Le "scandale" des grossesses mortelles

le 07 avril 2005 à 07h00 , mis à jour le 07 avril 2005 à 09h50

La Journée mondiale de la santé, qui se tient ce jeudi, est consacrée à la santé de la mère et de l'enfant. Par manque de soins et d'hygiène, plus d'un million de femmes enceintes et de nourrissons meurent chaque année, dénonce l'OMS.

femme enceinte ventre grossesse (DR) © INTERNE

Plus d'un demi million de mères meurent chaque année dans le monde pendant leur grossesse ou leur accouchement. Un "scandale" dénoncé jeudi par l'Organisation mondiale de la santé (OMS) dans son rapport annuel sur la santé dans le monde. Le document est publié à l’occasion de la Journée mondiale de la Santé, consacrée cette année à la santé de la mère et de l’enfant.

Sur un total mondial de 136 millions de naissances par an, moins des deux tiers des femmes des pays en développement accouchent avec l'aide d'une personne qualifiée. Dans les pays les moins avancés, particulièrement en Afrique sub-saharienne, la proportion tombe à moins d'un tiers, indique le Dr. Marie-Paule Kieny, directrice du département de la santé familiale à l'OMS. Et de rappeler que deux heures d'hémorragie post-natale peuvent suffire à entraîner la mort. "On sait ce qu'il faut faire pour éviter cette hécatombe, les interventions sont simples et peu coûteuses, ajoute la spécialiste. Il faudrait que les femmes enceintes se nourrissent correctement et évitent les travaux pénibles."

Outre 530.000 mères, 4 millions de nouveau-nés meurent chaque année avant leur 28e jour, souvent de causes banales comme le manque d'hygiène. "Il faudrait que les enfants soient lavés, réchauffés et nourris au sein dans l'heure qui suit leur naissance", pointe le docteur Kieny.

Retard et régressions

La communauté internationale s'est engagée en l'an 2000 à réduire la mortalité maternelle des trois-quarts et la mortalité des enfants des deux tiers avant 2015. "Au rythme actuel, certaines parties du monde n'atteindront pas ces objectifs avant 150 ans", a estimé le Dr David Aitken, un des directeurs de l'OMS. "Nous ne devons pas permettre cela". Dans les 75 pays où la situation est la plus grave, il faudrait investir au total 9 milliards de dollars par an dans les dix années qui viennent pour atteindre les objectifs de développement du millénaire, voire les dépasser.

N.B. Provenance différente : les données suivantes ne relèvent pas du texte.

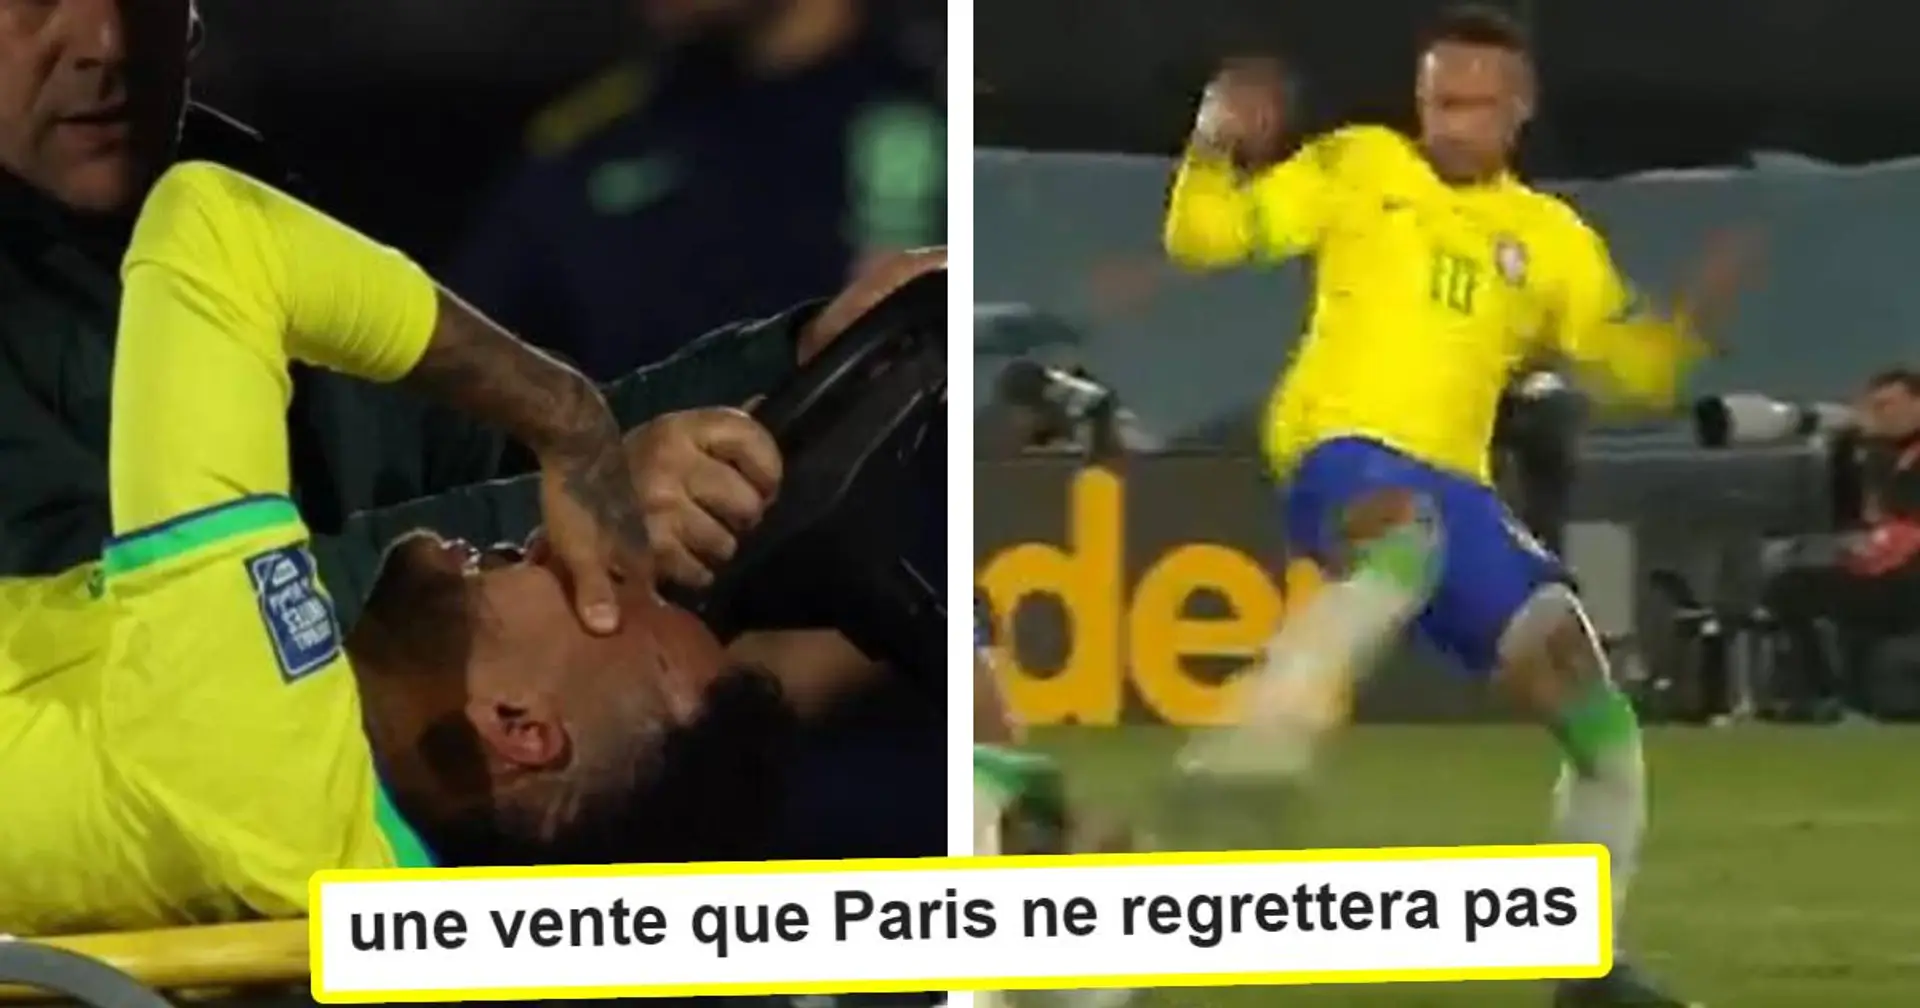 "Malheureux mais ce joueur-là n’existe plus depuis longtemps" : les fans réagissent à la énième blessure de Neymar

La situation sanitaire des mères et des nouveau-nés stagne en Afghanistan, en Angola, au Burkina Faso ou en République démocratique du Congo. D'autres pays, où des progrès avaient été enregistrés, sont désormais en régression, comme le Rwanda, le Kenya, le Turkmenistan, la Zambie ou le Zimbabwe. Ces revers sont souvent liés à une situation politique difficile qui entraîne un effondrement du système de santé, selon l'OMS.